8. Retention of Personal Data
BPR BANK will retain your personal data only for as long as is necessary to achieve the purpose for which they were collected. We may retain your personal data and/or information for a period of up to seven (7) years or as may be required by law and maintain specific records management and retention policies and procedures, so that personal data are deleted after a reasonable time according to the following retention criteria:
- Where we have an ongoing relationship with you.
- To comply with a legal obligation to which it is subject.
- Where retention is advisable to safeguard or improve the Bank’s legal position.
9. Your rights
You have the right (in the circumstances and under the conditions, and subject to the exceptions, set out in applicable law to:
- Be informed that we are collecting personal data about you;
- Request access to your personal information that we have on record. This right entitles you to know whether BPR BANK holds personal data of you and, if so, obtain information on and a copy of those personal data.
- Request BPR BANK to rectify any of your personal data that is incorrect or incomplete.
- Object to and withdraw your consent to processing of your personal data.
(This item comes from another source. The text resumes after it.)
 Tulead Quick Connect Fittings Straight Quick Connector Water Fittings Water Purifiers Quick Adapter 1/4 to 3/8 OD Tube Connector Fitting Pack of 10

This right entitles you to request that BPR BANK no longer processes your personal data. The withdrawal of your consent shall not affect the lawfulness of processing based on prior consent before its withdrawal. We may also continue to process your personal information if we have a legitimate or legal reason to do so.
- Request the erasure of your personal data. This right entitles you to request the erasure of your personal data, including where such personal data would no longer be necessary to achieve the purposes.
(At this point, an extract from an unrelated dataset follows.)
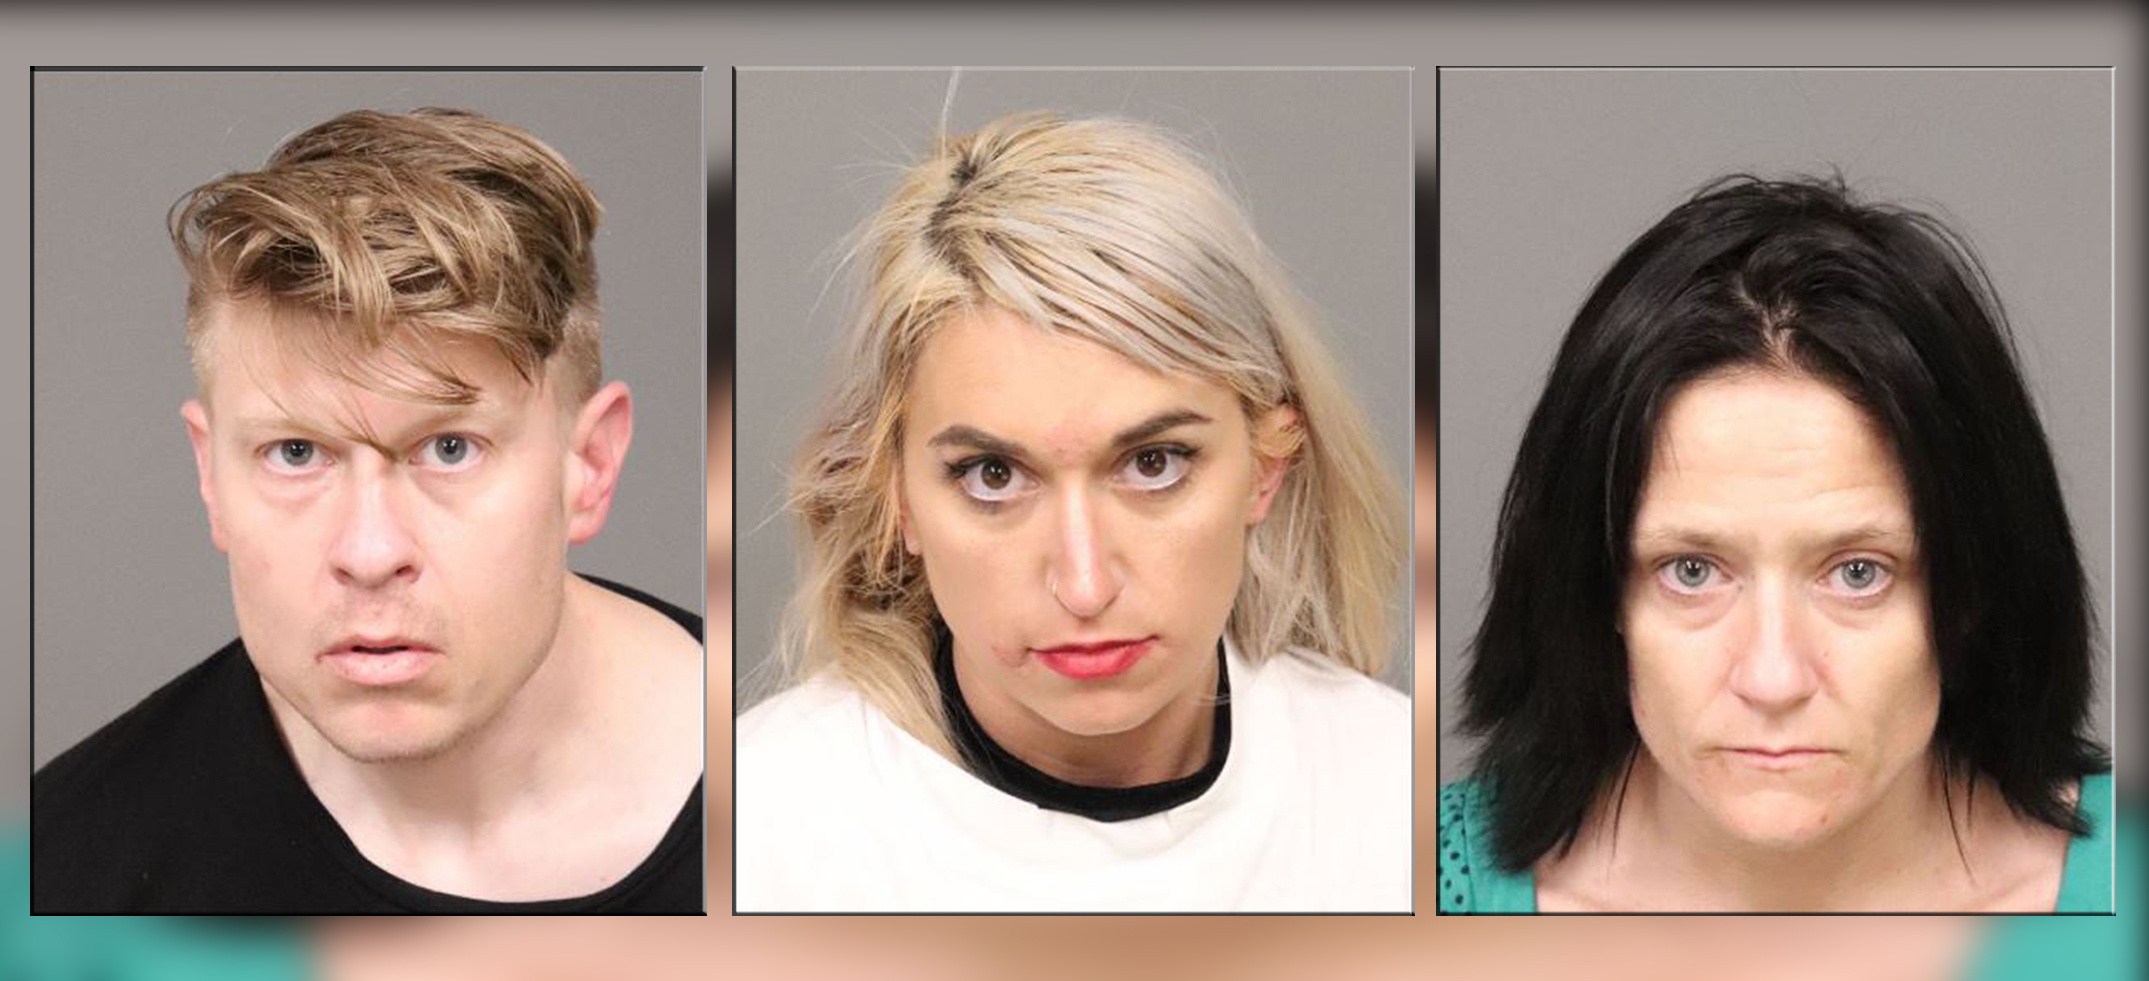 Shawn Matthew Luhm (left, DOB 3/4/1983) Kayla Anne Luhm (center, DOB 6/21/89) and Melissa Dawn Currie (right, DOB 10/11/1984).  Booking photos taken 5/14/2021.

- Request the restriction of the processing of your personal data: This right entitles you to request that BPR BANK only processes your personal data in limited circumstances, including with your consent.
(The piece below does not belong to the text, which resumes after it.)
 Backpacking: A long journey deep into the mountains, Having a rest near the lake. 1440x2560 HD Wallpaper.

Request portability of your personal data. This right entitles you to receive a copy (in a structured, commonly used, and machine-readable format) of personal data that you have provided to BPR BANK, or request BPR BANK to transmit such personal data to another data controller in an electronic format.
We may also use this data in aggregate form to develop customized services - tailored to your individual interests and needs. Should you choose to do so, it is possible (depending on the browser you are using), to be prompted before accepting any cookies, or to prevent your browser from accepting any cookies at all. This will however cause certain features of the web site not to be accessible.
11. Contact Us
Please contact our Data Protection Officer if you (i) have any questions or concerns about how BPR BANK processes your personal data or (ii) want to exercise any of your rights in relation to your personal data, on +250788140000 or +250788187200 or by writing to us on email: firstname.lastname@example.org.
12. Amendments to this Statement
BPR BANK reserves the right to amend or modify this privacy statement from time to time and your continued use of our products and services constitutes your agreement to be bound by the terms of any such amendment or variation. You can access the most current version of the privacy statement from www.bpr.rw and Any amendment or modification to this statement will take effect from the date of notification on the BPR BANK website.